So three days after the Alberta NDP released its attack budget, Husky Energy announced it’s going to sell many of its Western Canadian oil and gas businesses — to get out of what it can.
And it announced that it’s already laid off 1,400 workers.
That’s incredible. In the last 72 hours, Shell, Cenovus, MEG, Devon and now Husky have announced nearly 5,000 people laid off. 5,000 families without work. It’s shocking, it’s depressing, and it’s just the beginning.
Now, there will be people who say that this isn’t the NDP’s fault. It’s the fault of low oil prices.
And it’s true, oil prices are low. But they’ve been at fifty bucks, or less, for 12 months now.
The companies I’ve just listed were saying all systems go on their Alberta projects as recently as July.
What changed this week was that the NDP actually went through with their threats, in the form of their budget. And so the industry has gone on strike — it’s called a capital strike.

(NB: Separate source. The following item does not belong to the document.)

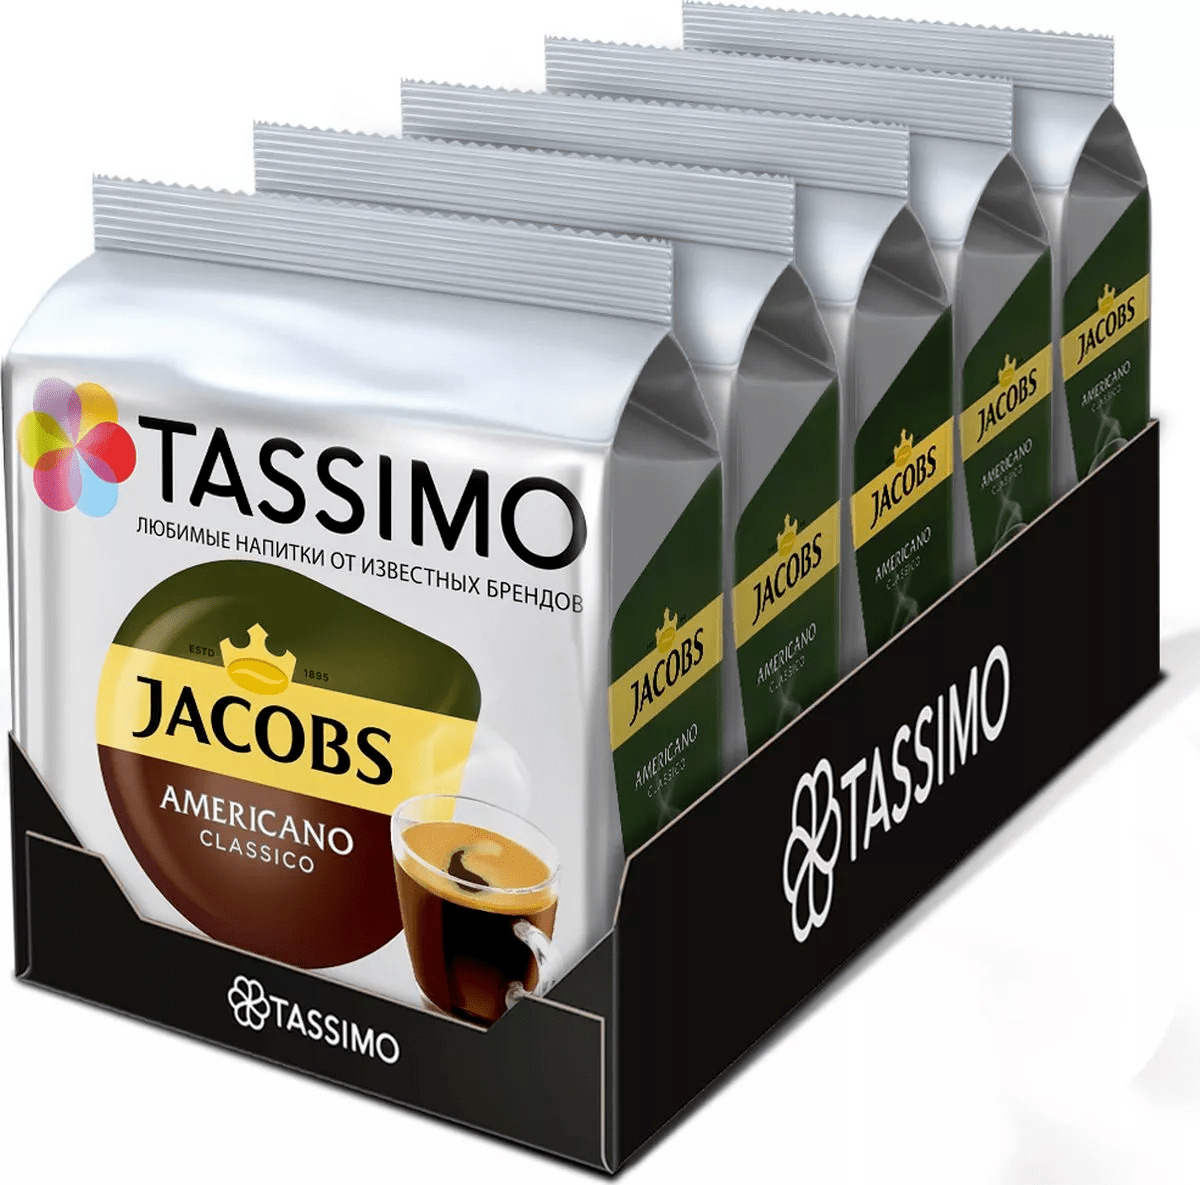 Купить кофе в капсулах Tassimo Jacobs Americano Classico, 80 порций, цены на Мегамаркет | Артикул: 600005601526

Look at what Husky did. They only dumped their Alberta businesses. They didn’t dump their Asian businesses.
In fact, in the very same press release they specifically list the places they’re very eager to invest more — places like Indonesia, and the South China Sea.
Don’t tell me it’s low oil prices. It’s Rachel Notley’s war on the oil patch. Husky Energy will go to places where companies are better treated — including off the coast of Communist China.